Clustering geo datas by user and by date

Thyme · January 14, 2022, 8:56pm

Yes, the problem is non-trivial. I have to say though, that @andrejz’s idea of using the Haversine formula was genius. I’d have done some sketchy angular pythogoras because I didn’t knew that formula. Thanks for bringing that up, I learned something.

supersharp · January 15, 2022, 6:17am

I haven’t read the full thread, so apologies if someone has already solved for this you.

Check out this presentation from the KNIME 2019 Summit for a geo-clustering example using DBSCAN to cluster locations based on lat/long, defining locations within 50m as the ‘same’ location. Once that ‘same location’ identifier is added to your table, it becomes another field you can group on or perform ‘duplicate’ removal.
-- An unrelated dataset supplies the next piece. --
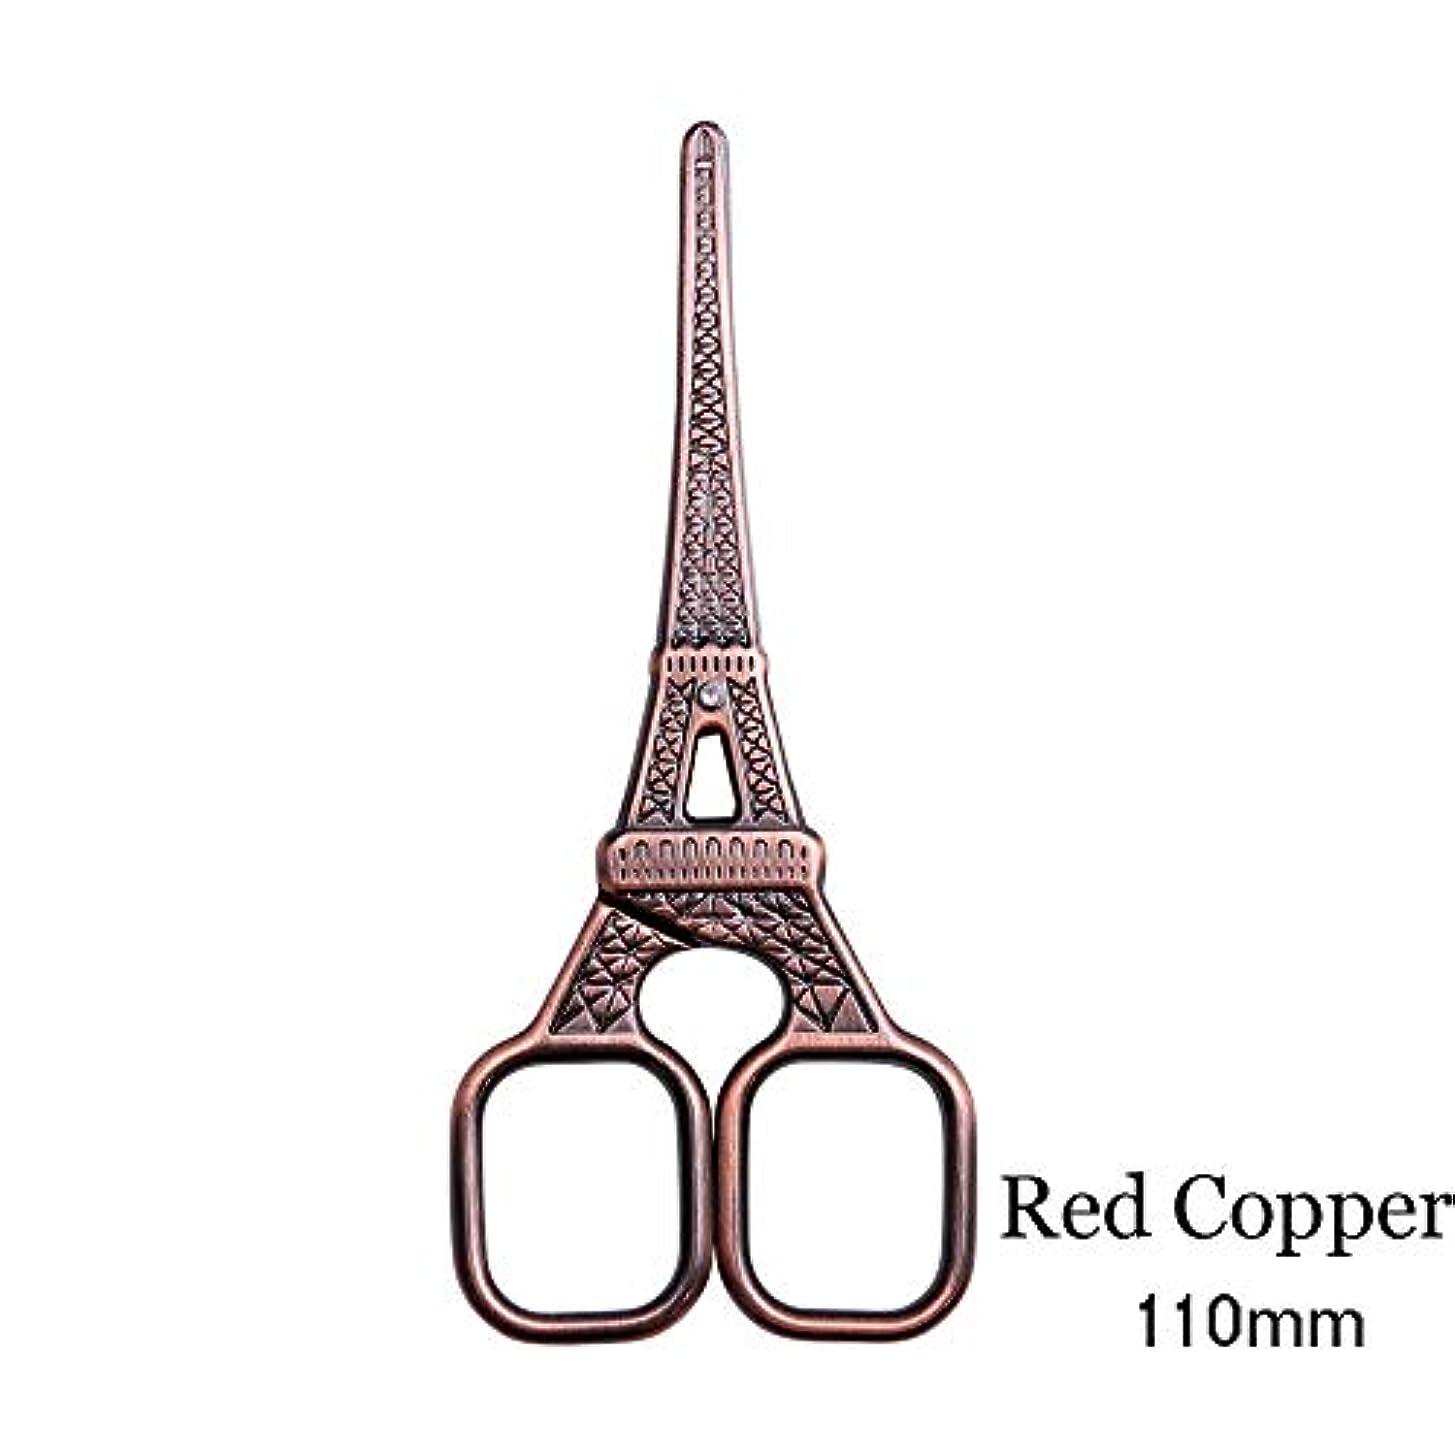 アフリカ争い未使用1ピースキューティクルカッターミニネイルはさみステンレス鋼ネイルニッパーカメレオンはさみプロのマニキュアメイクアップツールSAA37レッドコッパー

Slides (slide 16 onwards): https://www.knime.com/sites/default/files/S05_02_BGIS_KNIMEConference_Slides_Final_Approved.pdf
Video explanation (Starts at 20 mins): KNIME User Session: Financial Applications of Self-Service ETL and Geospatial Analysis - YouTube

Cheers!

aworker · January 17, 2022, 11:01am

Hi @supersharp

I quickly went through the presentation and saw (as you said) that the Lat/Lon is clustered based on DBSCAN. This is a very interesting approach although I wonder how fast it could be when working with big Lat/Lon files. DBSCAN is a density based clustering method which is a very wise option to use here although time consuming if not previously optimized.

Thanks a lot for sharing these very nice and informative presentation and work!

Best wishes,

Ael

system · January 24, 2022, 11:02am

This topic was automatically closed 7 days after the last reply. New replies are no longer allowed.